The lowest layer of the midden dates from the final stages of the Jōmon period and the upper strata is from the early Kofun period, so the midden spans the whole of the Yayoi period. Along with the usual clam shells and fish and animal bones, the midden was found to contain many examples of stone tools and Yayoi pottery. The presence of early Yayoi pottery typical of the Onga River of western Japan, and streak-type Jōmon pottery shards typically from eastern Japan together in the same strata indicate that both cultures co-existed for a time in the same settlement. The midden was discovered in 1929, and was excavated in 1972 due to construction of an interchange junction on Japan National Route 302. It is the largest of several middens in the area.

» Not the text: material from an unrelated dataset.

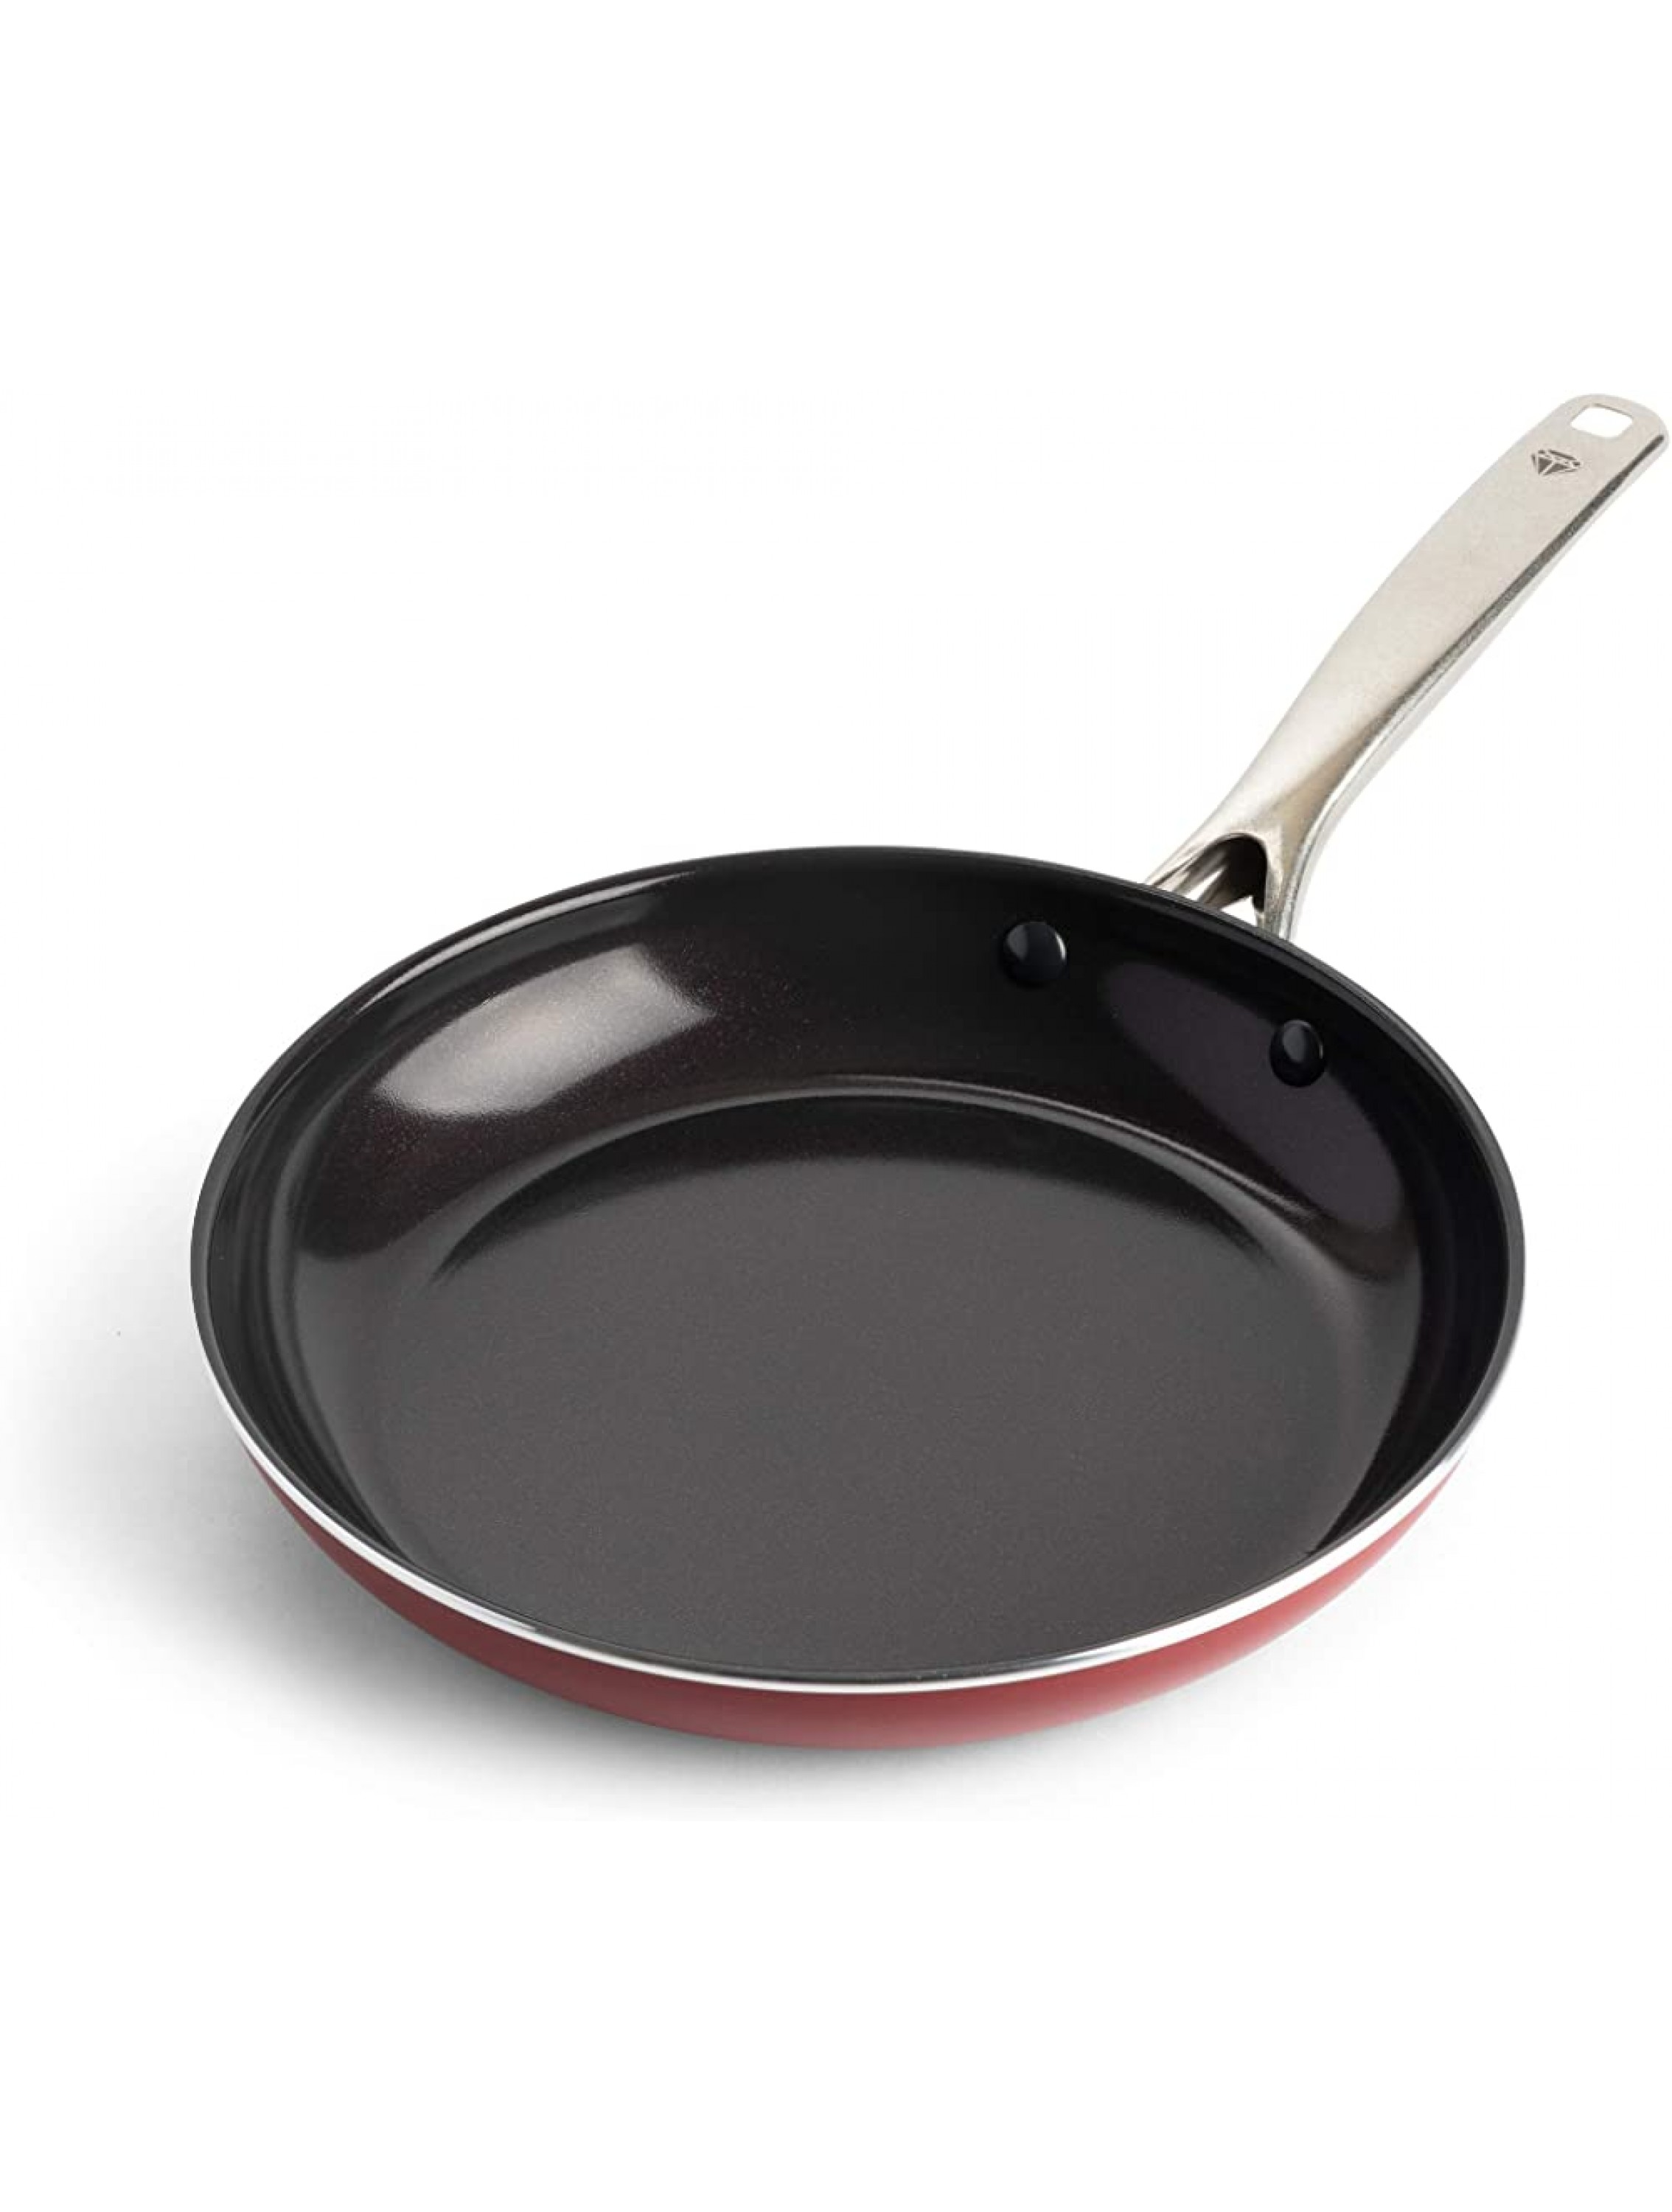 Blue Diamond Cookware Diamond Infused Ceramic Nonstick 10 Frying Pan Skillet PFAS-Free Dishwasher Safe Oven Safe Red - BRIYVYC5Y

The Asahi village ruins are one of the largest Yayoi period settlement ruins in Japan, and extended for 1.4 kilometers east-to-west by 0.8 kilometers north-to-south and had an estimated population of over 1000 people. It was a moated settlement, and was accompanied by a number of square burial tumuli.

In 1975, a prefectural museum, the Historic Site Kaigarayama Shell Midden Exchange Center (史跡貝殻山貝塚交流館, Shiseki Kaigara-san Kaidzuka kōryū-kan) opened in a corner of the site, where some of the excavated artifacts are displayed.